4. The ecological restoration method of channel renovation project according to claim 3, characterized in that the depth of scouring generated by water flow parallel to the bank slope is passed throughCalculation, in the formula: h is_Bthe local scouring depth is calculated from the water surface; h is_pThe depth of water at the scouring site; v_cpIs the average flow rate; v_{Allow for}Allowing the non-impact flow rate on the surface of the river bed; n is 1/4.

5. The ecological restoration method of a channel renovation project according to claim 4,The water flow obliquely rushes to protect the scouring depth of the bank slope to pass throughCalculation, in the formula: Δ h_pThe local depth from the river bottom; alpha is the intersection angle of the water flow direction and the bank slope; m is the coefficient of the side slope on the upstream surface of the protective building; d is the calculated grain diameter of the soil at the toe of the slope, and 0.02m is taken; v is_jIs the local scouring flow rate of the water flow.

6. The ecological restoration method of channel renovation project according to claim 4, characterized in that the partial scouring flow rate of the water flow passes throughCalculation, in the formula: b is₁The distance from the edge of the river channel to the toe is the width of the river beach; q₁Design flow through the beach section; h₁The beach water depth; eta is the water flow velocity distribution uneven coefficient.

7. the ecological restoration method of channel renovation project according to claim 1, characterized in that in step 6, longitudinal cofferdams and upstream and downstream transverse cofferdams are built at the river section where the cofferdams need to be built for construction in the construction period, if both banks have the reinforcing and reconstruction project, the longitudinal cofferdams are adopted to firstly surround the upstream and downstream of one bank for construction, after the construction is finished, the upstream and downstream cofferdams are removed, the upstream and downstream cofferdams of the other bank are built, and the project construction of the other bank is carried out; during construction, the cofferdam of each construction section is built according to construction requirements, the cofferdam moves towards the downstream section by section, and accumulated water, rainwater and the like in a foundation pit are pumped and drained to a channel through a water pump after being converged into a centralized drainage ditch.
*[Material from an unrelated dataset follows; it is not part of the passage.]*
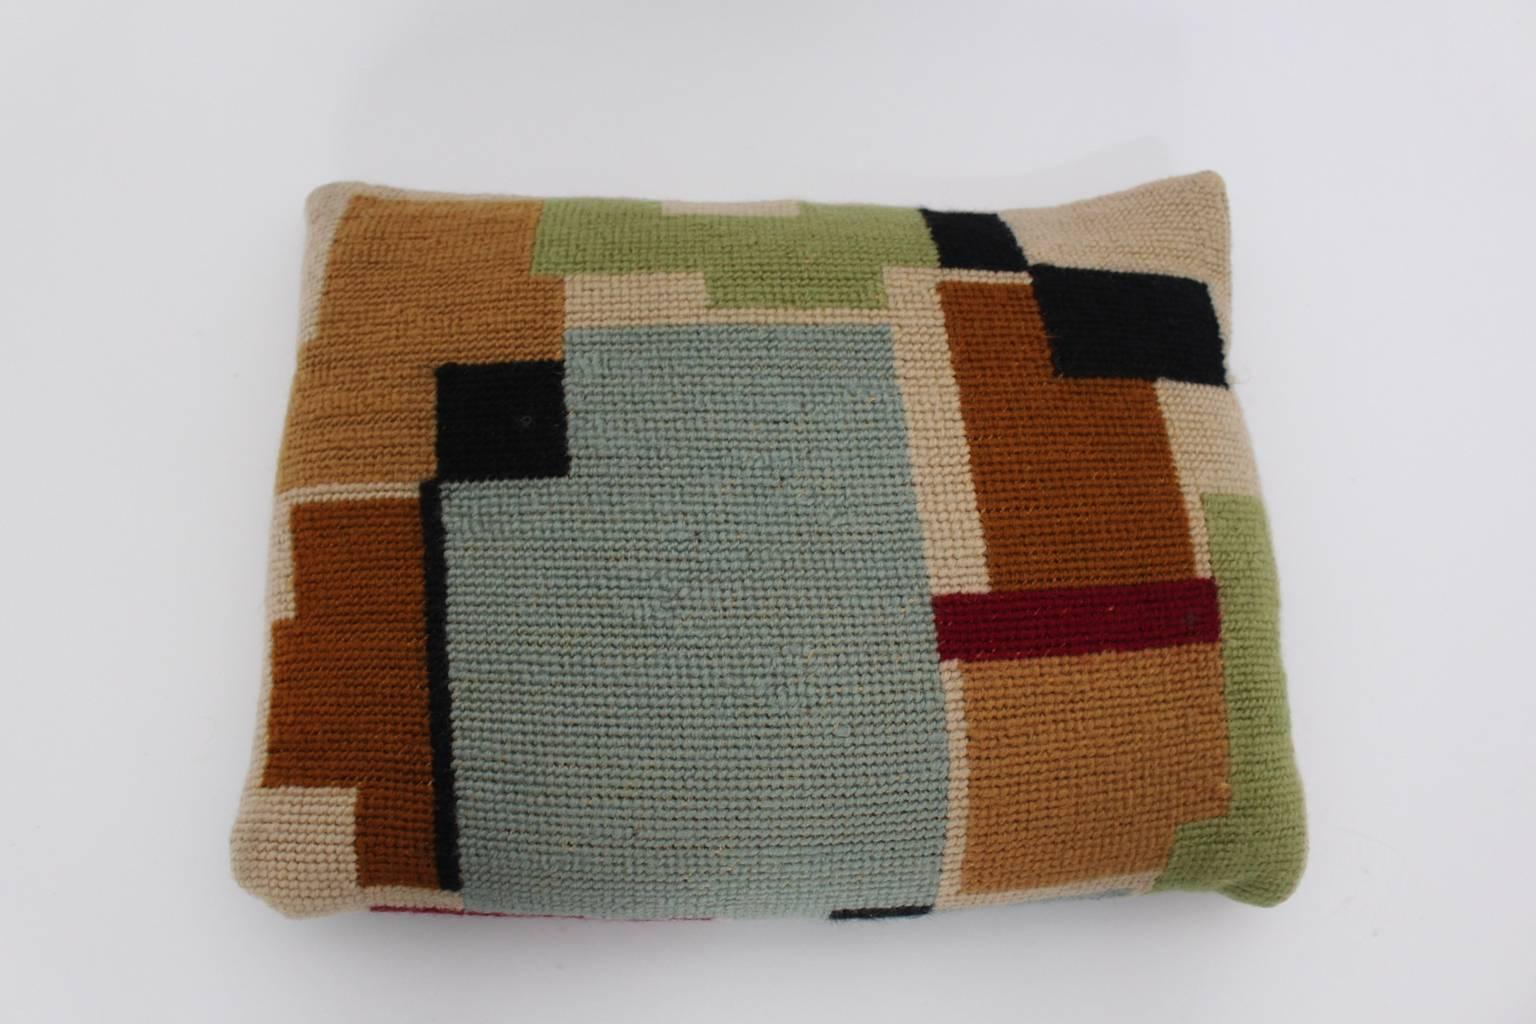 Bauhaus Style Hand Embroidery Wool Pillow with Geometric Design, 1920s In Good Condition For Sale In Vienna, AT

8. The ecological restoration method of channel renovation project according to claim 1, wherein the ecological cured slope protection further comprises the steps of:

a. carrying out sectional cofferdam or local cofferdam precipitation on the target channel;

b. Clearing up a channel side slope, clearing away rubbish and weeds, setting out the line and primarily shaping according to design requirements, and clearing the redundant floating soil into a riverbed;

c. adding water and a channel repairing agent according to a certain water-cement ratio, and stirring into slurry for later use;

d. Calculating the amount of the prescription according to the thickness of the bottom mud of the riverbed, the width of the riverbed and the working radius of the excavator, and adding the prepared slurry according to the amount of the prescription and the amount of the designed material;

e. fully stirring and mixing, standing for 3 hours, sticking the mixed bottom mud on a river slope after 3 hours, wherein the thickness of the single slope sticking is based on the standard that the mixed bottom mud does not slide and flow, and if the design standard thickness is larger than the thickness of the single slope sticking, constructing in two days;

f. Leveling the slope surface and maintaining, wherein the maintenance is mainly to keep the slope surface moist;

g. Covering vegetation, laying lawn or spraying grass seeds.

9. The ecological restoration method of a channel renovation project according to claim 1, characterized in that the method further comprises: and determining the earthquake motion peak acceleration of the engineering area to judge whether to carry out earthquake-proof design.